Ceflatonin has a different mechanism of action than tyrosine kinase inhibitors (TKIs), which are widely used in the treatment of CML. A registration-directed, international phase 2/3 clinical study is currently in progress, investigating the effectiveness of Ceflatonin® in the treatment of CML patients who have developed resistance to TKI therapy due to the T315I Bcr-Abl point mutation. Ceflatonin® was recently granted Fast Track status by the U.S. Food and Drug Administration (FDA) for this clinical indication.
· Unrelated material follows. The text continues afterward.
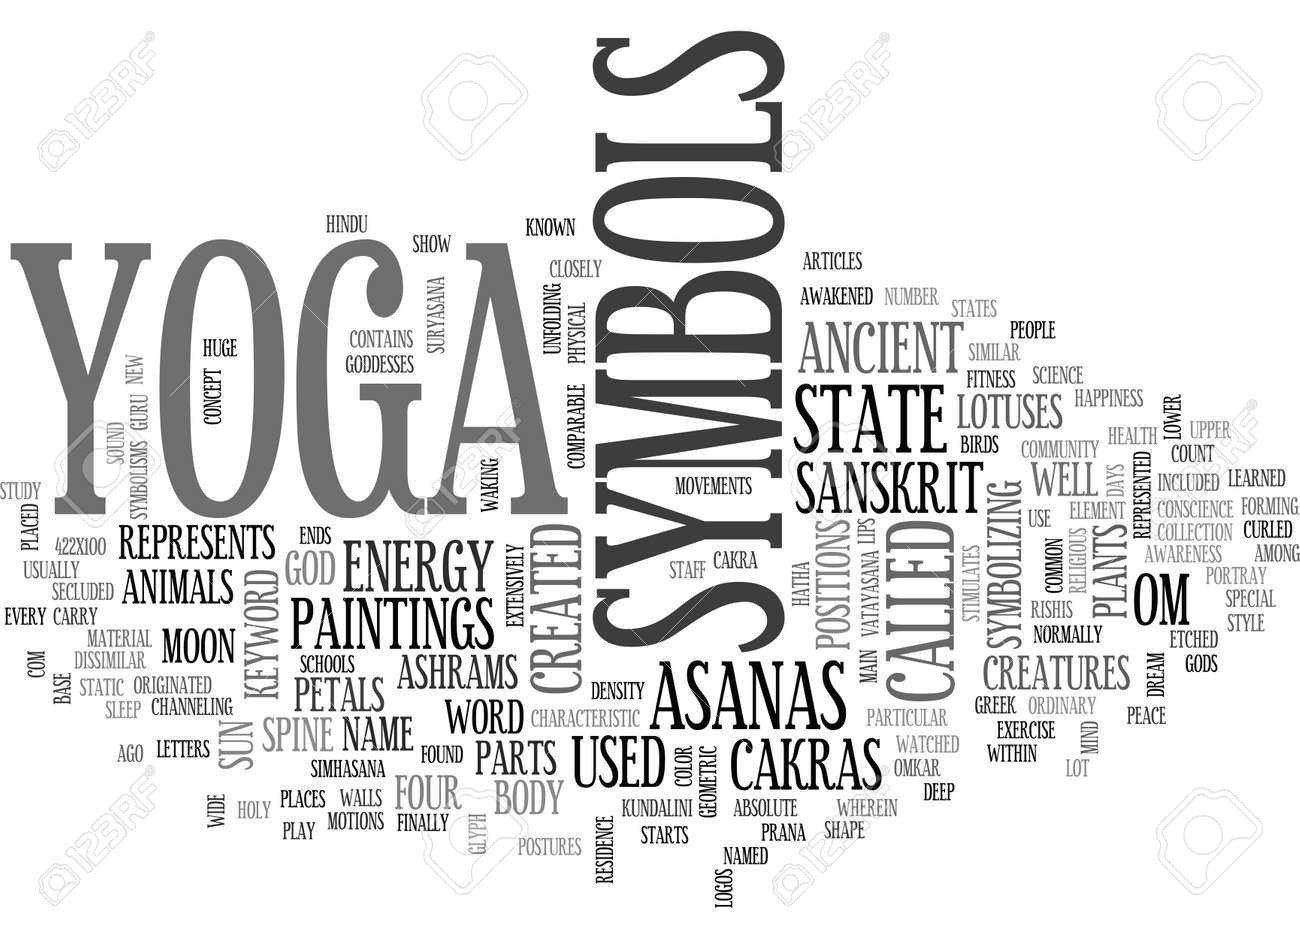 Yoga symbols text word cloud concept royalty free cliparts yoga symbols text word cloud concept stock vector 79647460 biocorpaavc Gallery

Additional studies will assess the activity of Ceflatonin® in CML patients who are refractory to, or intolerant of treatment with TKIs and investigate if combination therapy with Ceflatonin®, TKIs and other agents increases the cytogenetic and molecular response rates in CML patients.
Ceflatonin® is not approved by the FDA as a treatment in any indication and is being evaluated in clinical trials for efficacy and safety for future regulatory applications.
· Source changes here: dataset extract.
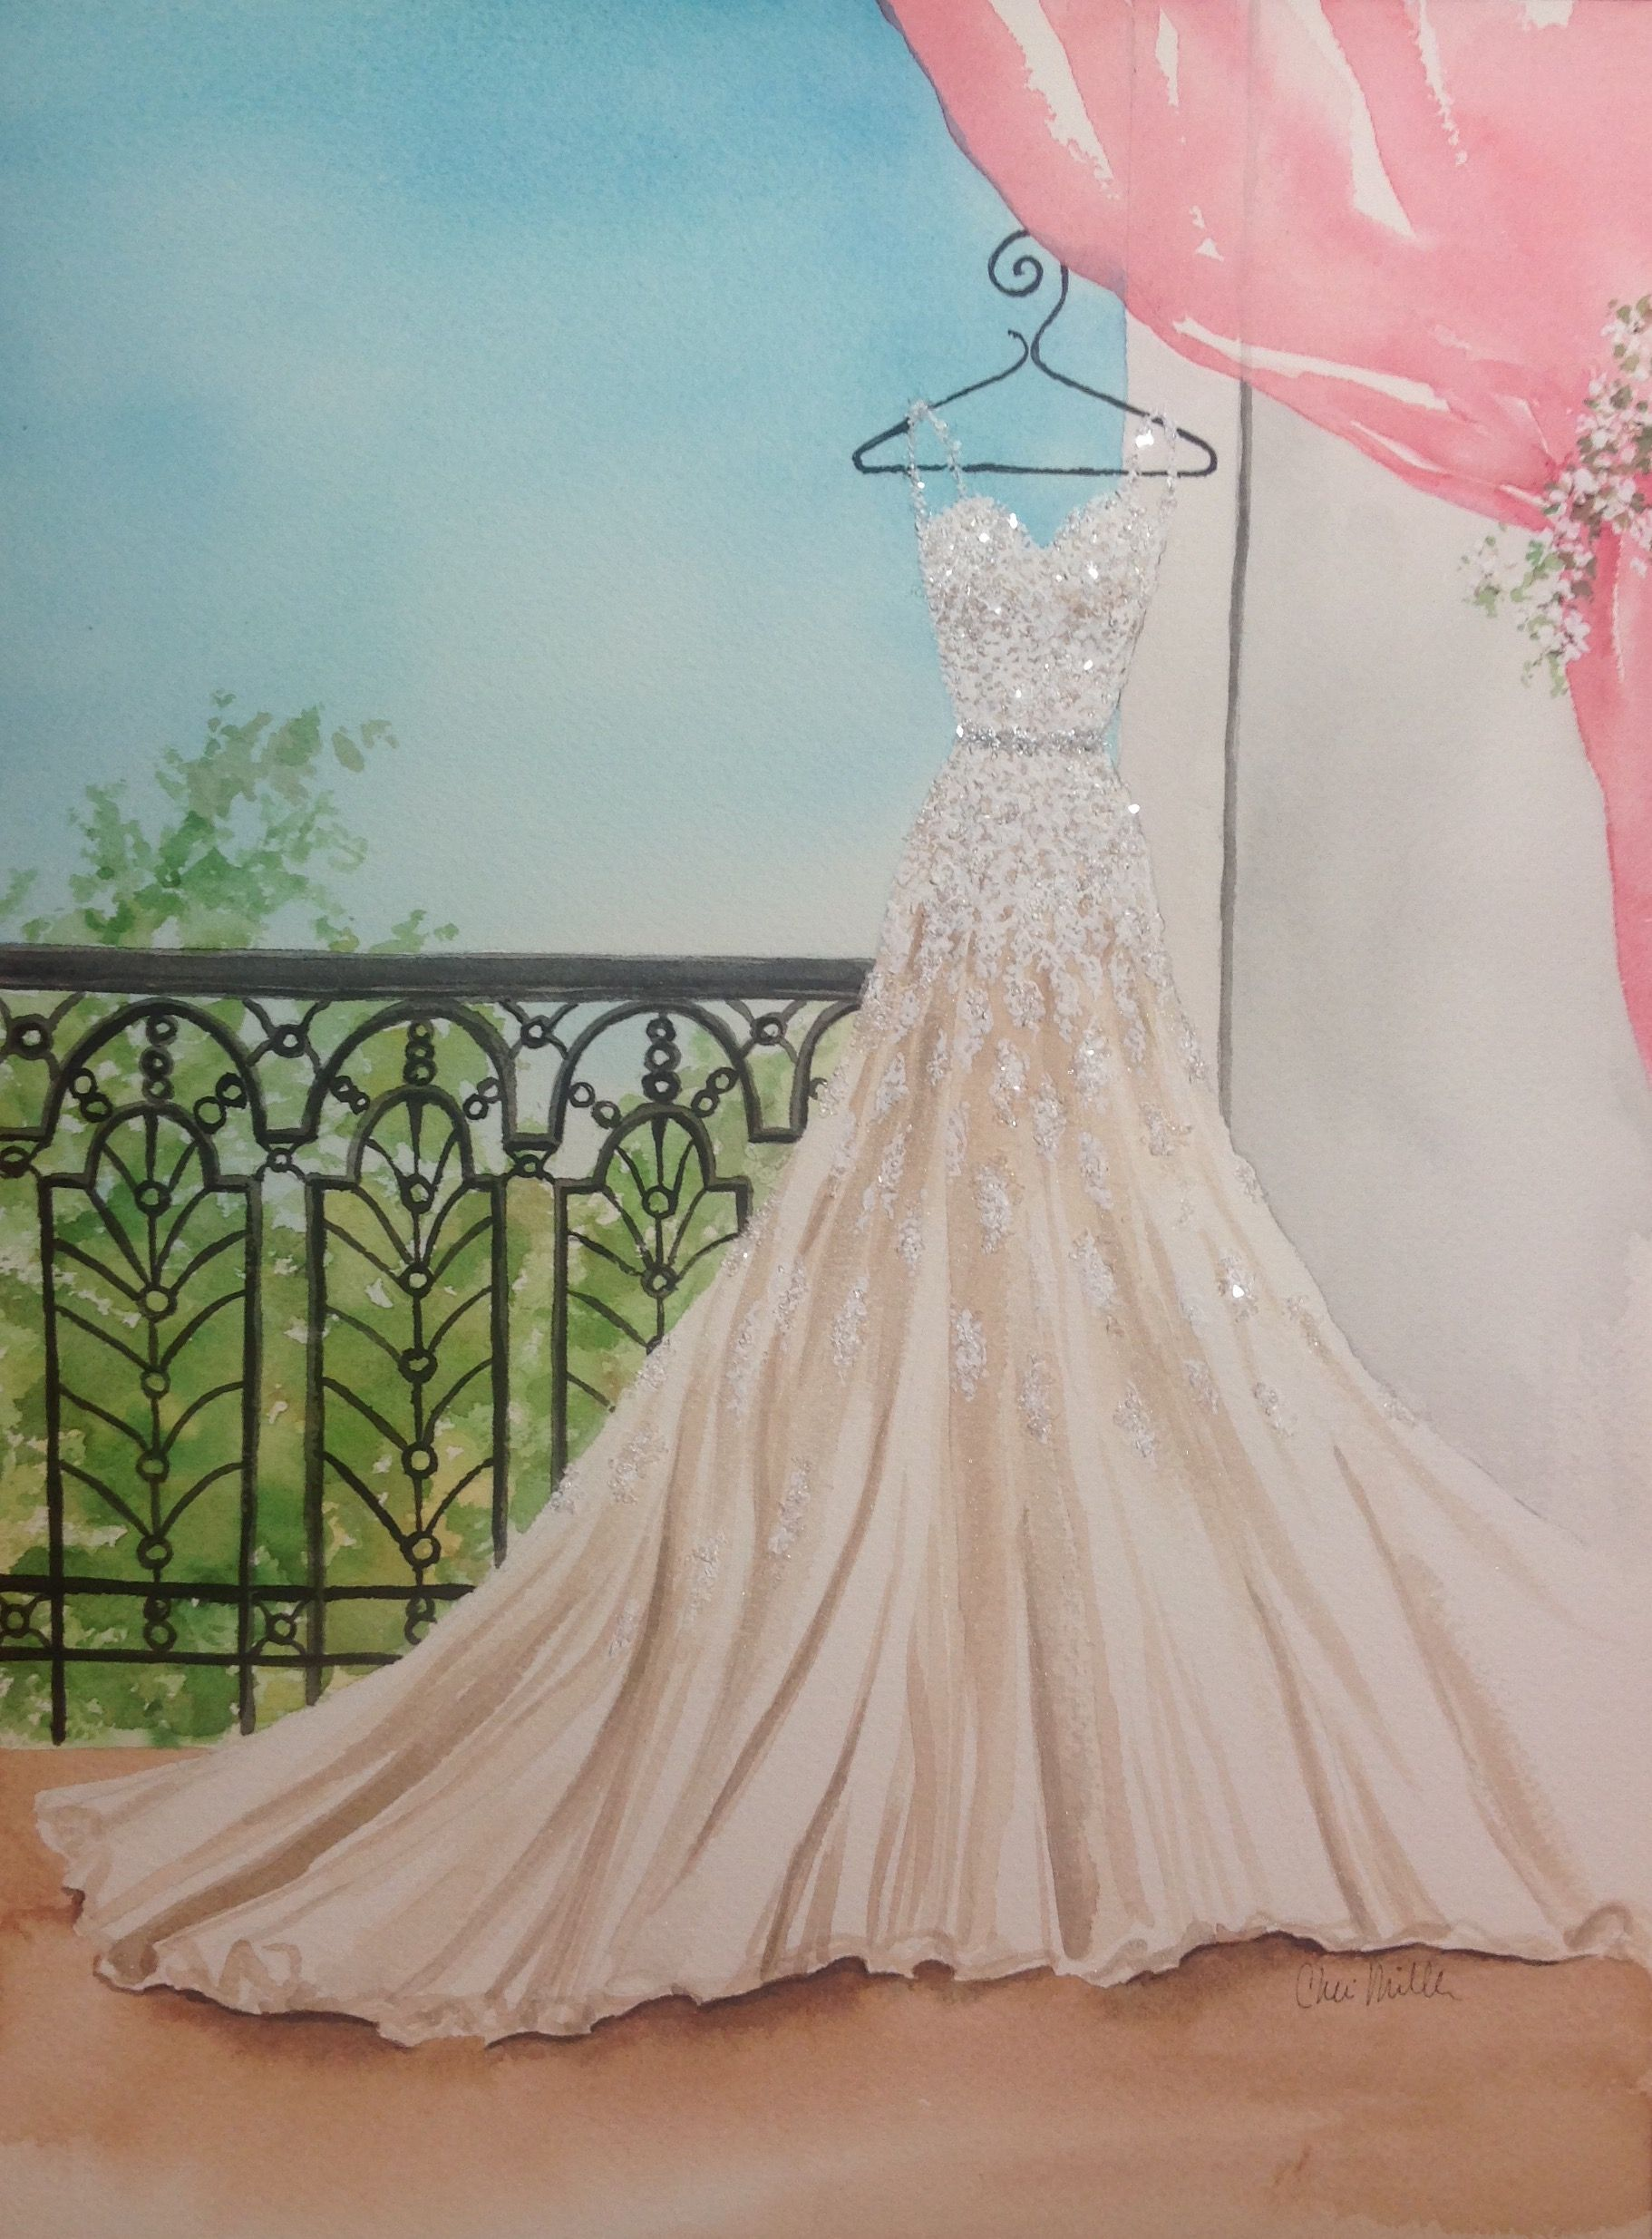 Bridal illustration by cheri miller personalized bespoke

About ChemGenex Pharmaceuticals Limited
ChemGenex Pharmaceuticals is a pharmaceutical development company dedicated to improving the lives of patients by developing therapeutics in the areas of oncology, diabetes, obesity, and depression. ChemGenex harnesses the power of genomics for target discovery and validation, and in clinical trials to develop more individualized therapeutic outcomes. ChemGenex's lead compound, Ceflatonin®, is currently in phase 2/3 clinical trials for chronic myeloid leukemia and Quinamed® is in phase 2 clinical development for prostate, breast and ovarian cancers. The company has a significant portfolio of anti-cancer, diabetes, obesity and depression programs, several of which have been partnered with international pharmaceutical companies. ChemGenex currently trades on the Australian Stock Exchange under the symbol "CXS" and on NASDAQ under the symbol "CXSP".
Safe Harbor Statement
Certain statements made herein that use the words "estimate", "project", "intend", "expect", "believe", and similar expressions are intended to identify forward-looking statements within the meaning of the US Private Securities Litigation Reform Act of 1995. These forward-looking statements involve known and unknown risks and uncertainties which could cause the actual results, performance or achievements of the company to be materially different from those which may be expressed or implied by such statements, including, among others, risks or uncertainties associated with the development of the company's technology, the ability to successfully market products in the clinical pipeline, the ability to advance promising therapeutics through clinical trials, the ability to establish our fully integrated technologies, the ability to enter into additional collaborations and strategic alliances and expand current collaborations and obtain milestone payments, the suitability of internally discovered genes for drug development, the ability of the company to meet its financial requirements, the ability of the company to protect its proprietary technology, potential limitations on the company's technology, the market for the company's products, government regulation in Australia and the United States, changes in tax and other laws, changes in competition and the loss of key personnel. These statements are based on our management's current expectations and are subject to a number of uncertainties that could change the results described in the forward-looking statements. Investors should be aware that there are no assurances that results will not differ from those projected.